Prompt:
Without the pictures, reproduce the records that follow exactly.

··· Material to process ···

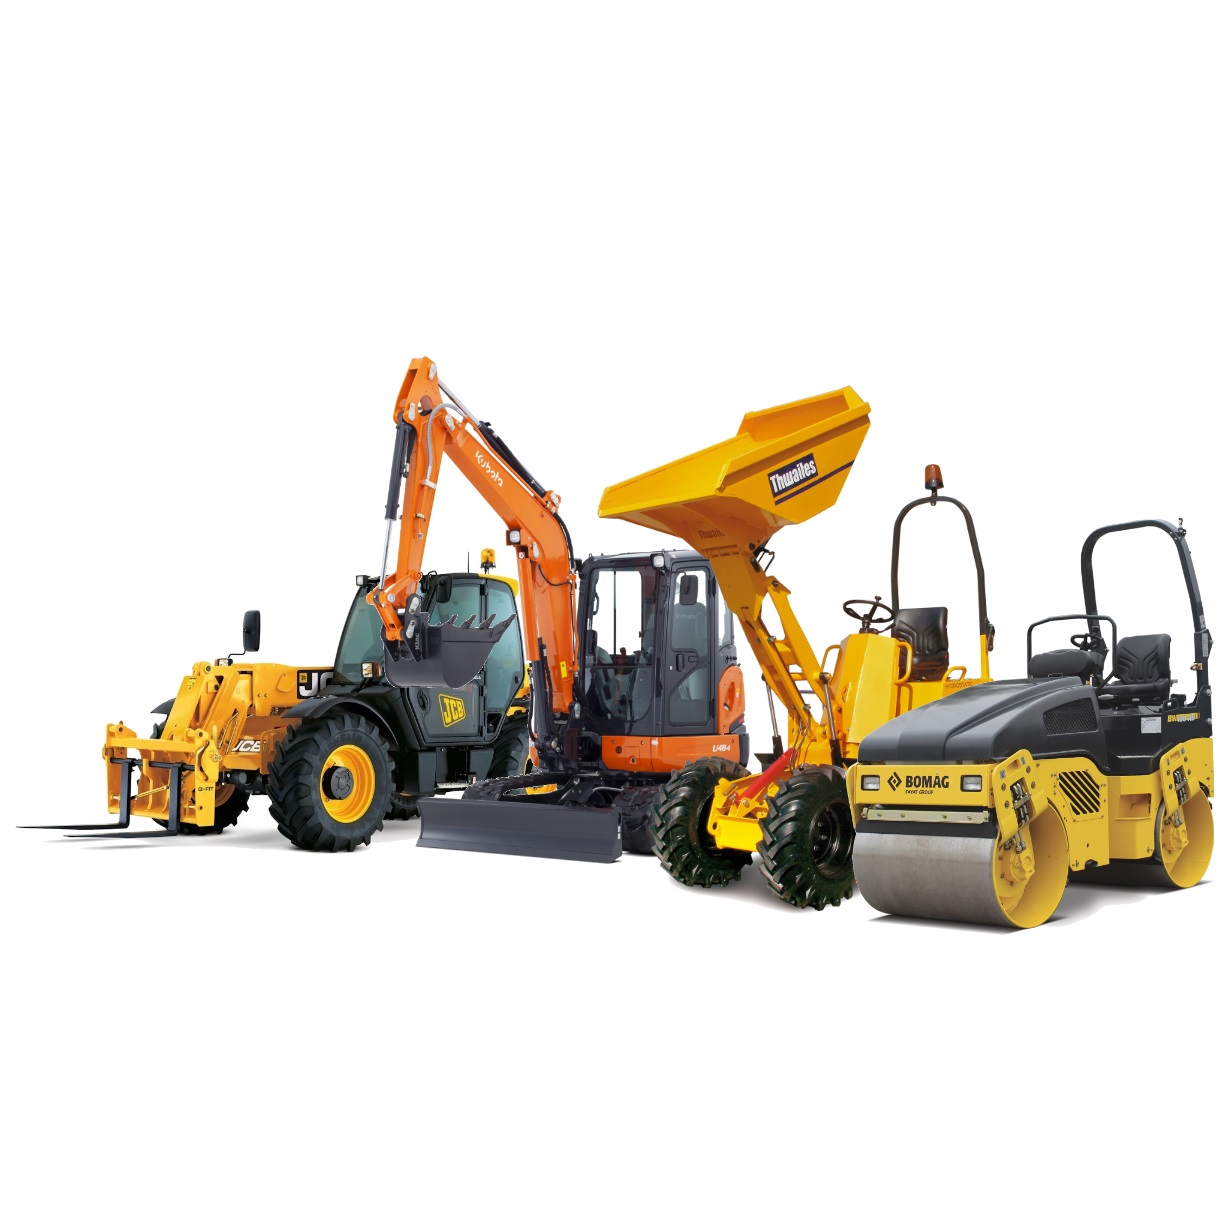 Plant Hire in Luton
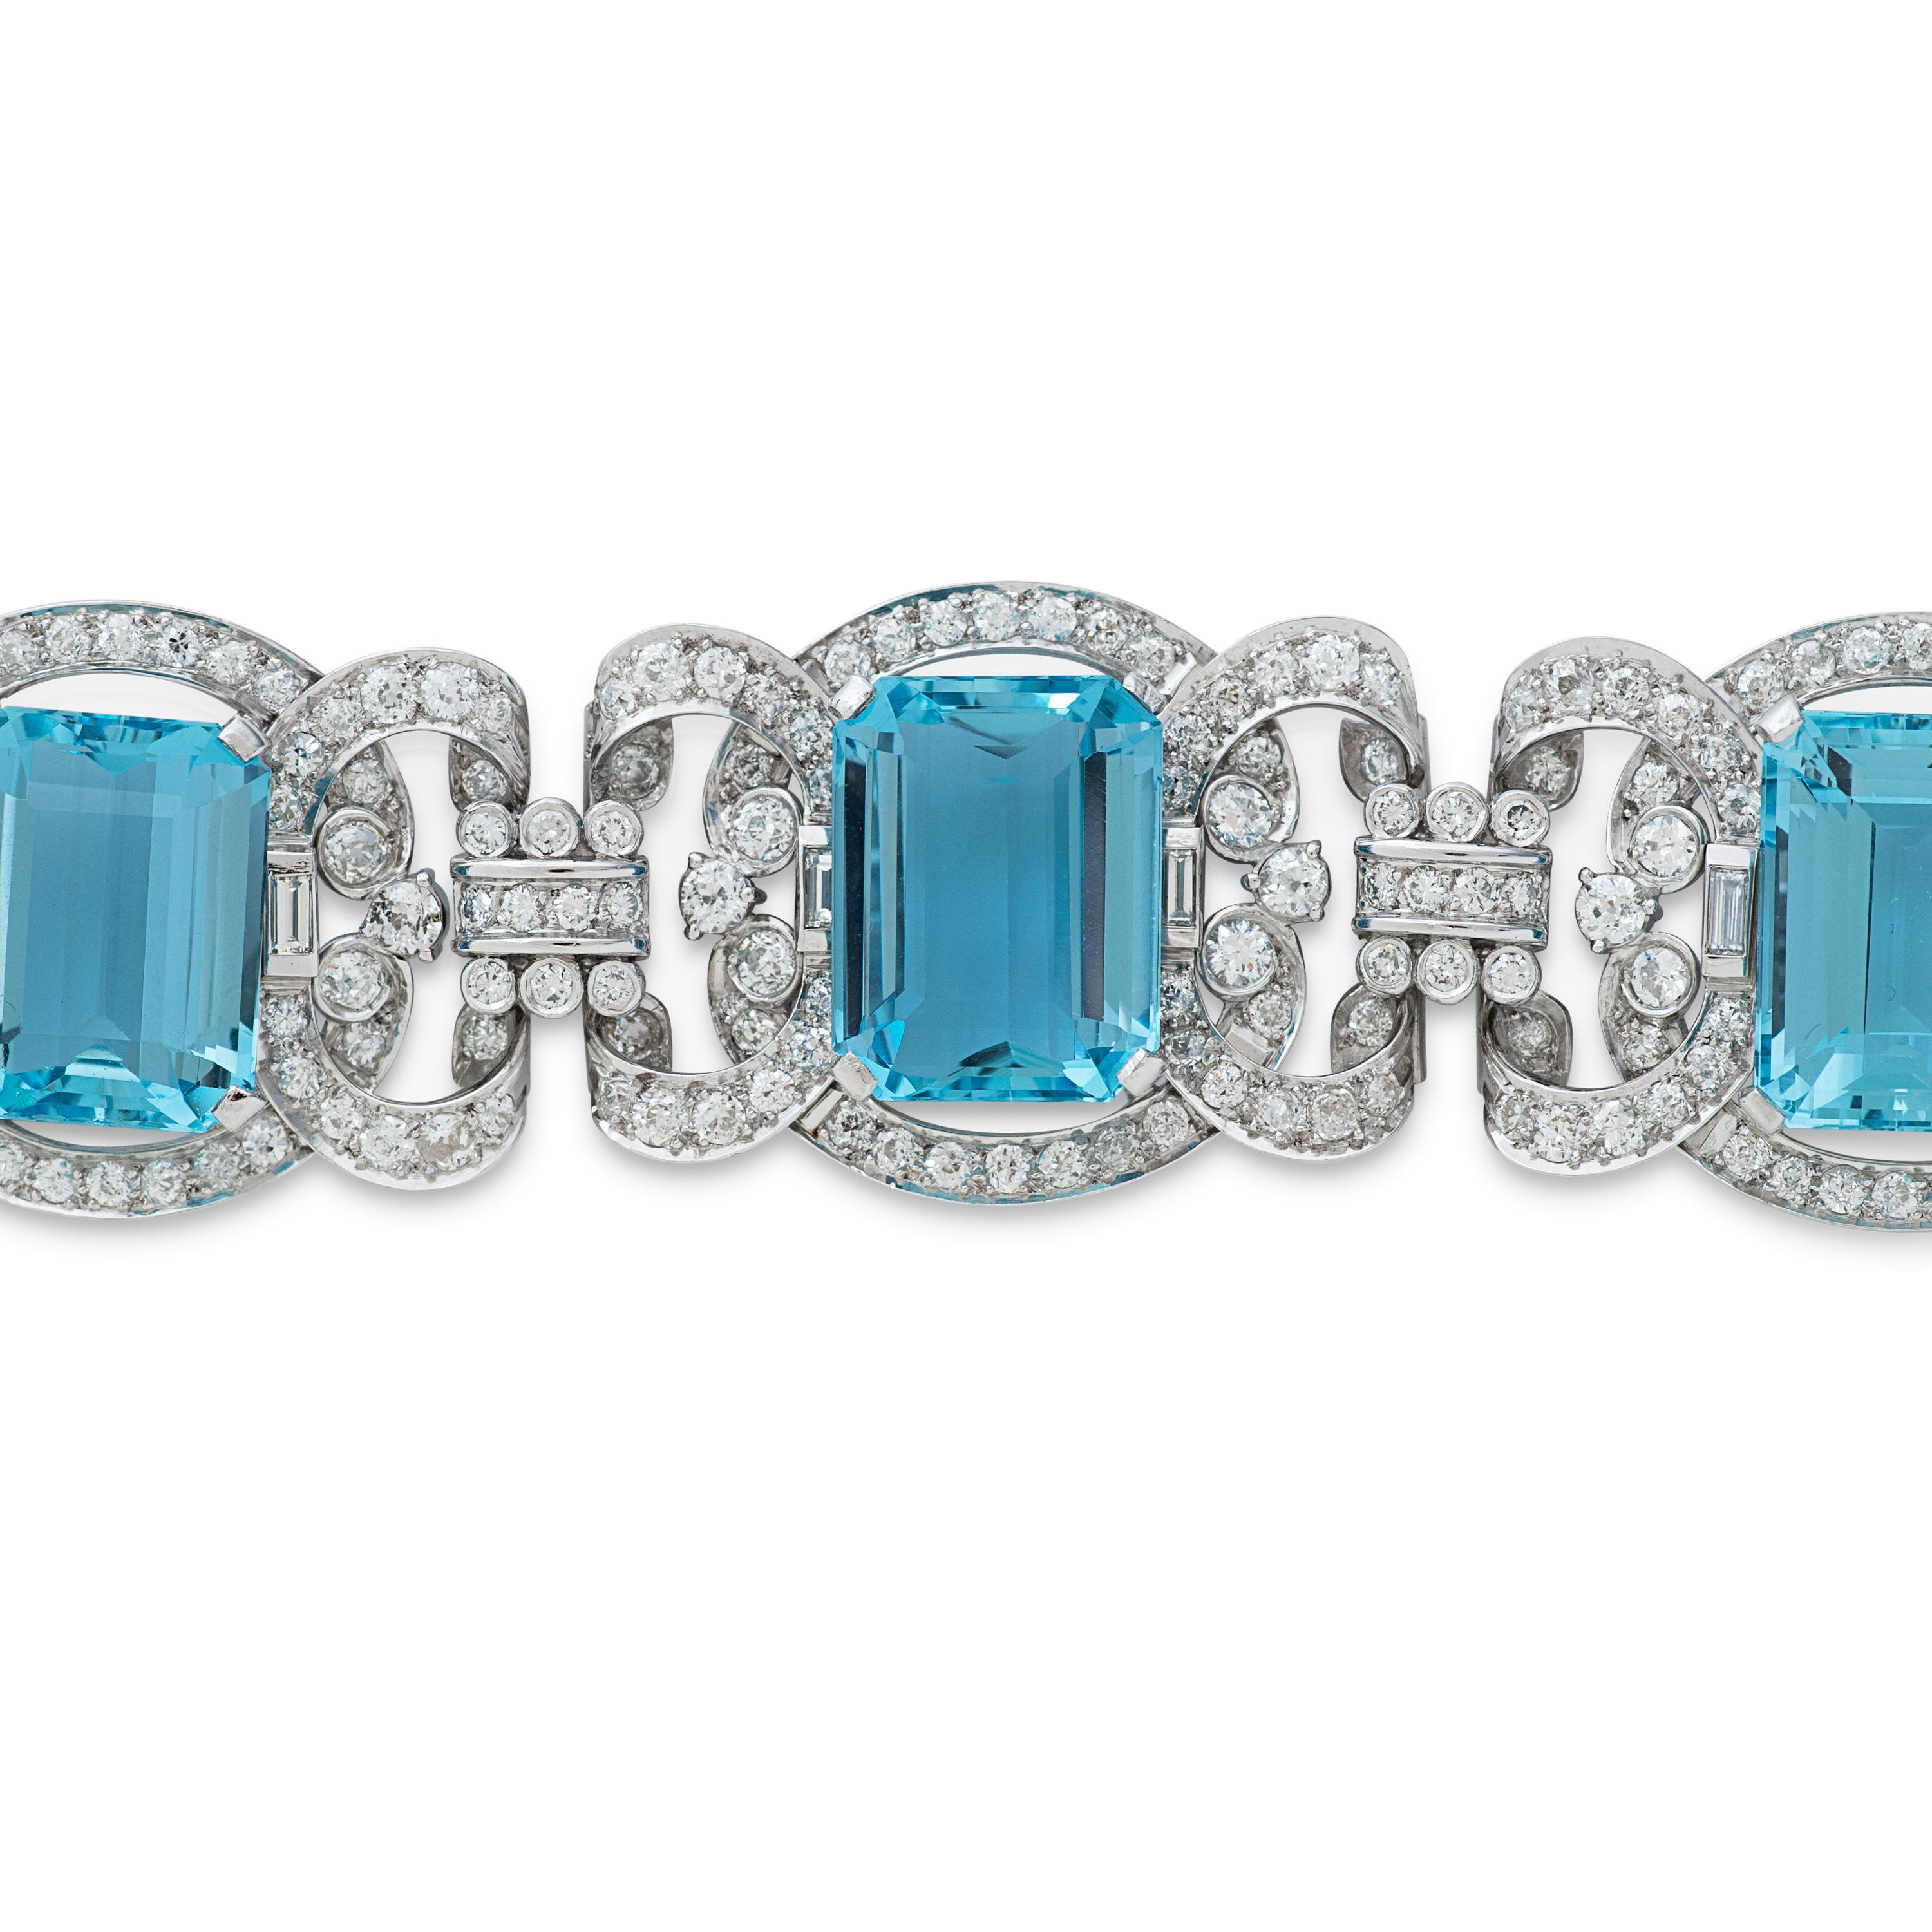 Art Deco aquamarine and diamond link bracelet with platinum setting.  5 emerald cut aquamarines 
totaling approximately 75.91ct are set amidst approximately 10.00ct of diamonds estimated to be 
G-H color with VS clarity.  
This bracelet measures
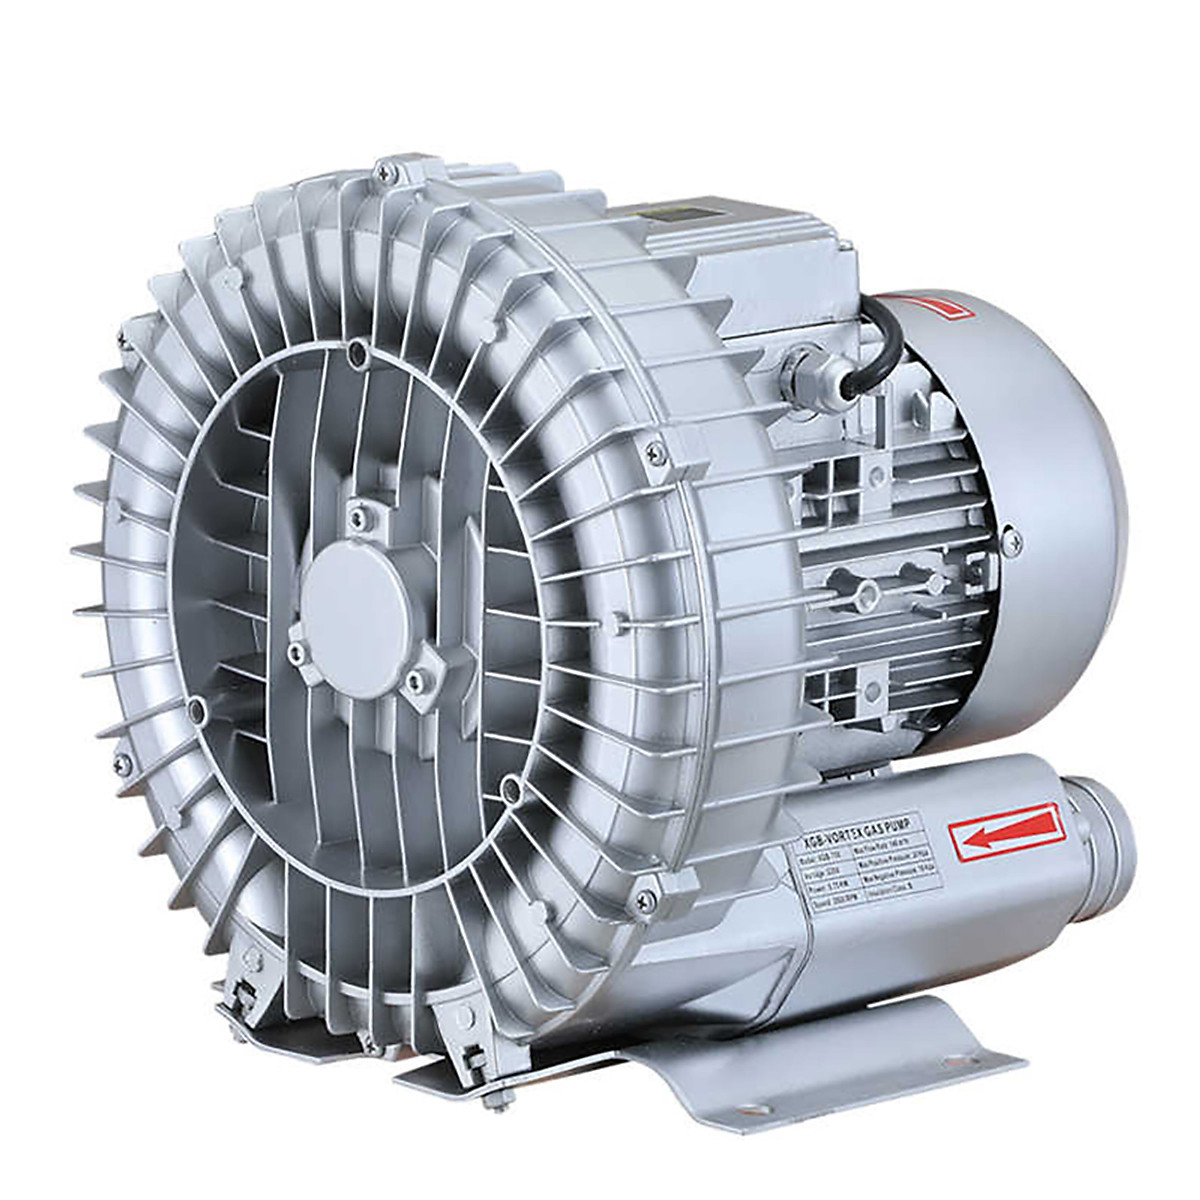 Industrial Fans and Blowers: Enhancing Air Circulation and Ventilation in Manufacturing

···

Exercise solution:
 Plant Hire in Luton
 Art Deco aquamarine and diamond link bracelet with platinum setting.  5 emerald cut aquamarines 
totaling approximately 75.91ct are set amidst approximately 10.00ct of diamonds estimated to be 
G-H color with VS clarity.  
This bracelet measures
 Industrial Fans and Blowers: Enhancing Air Circulation and Ventilation in Manufacturing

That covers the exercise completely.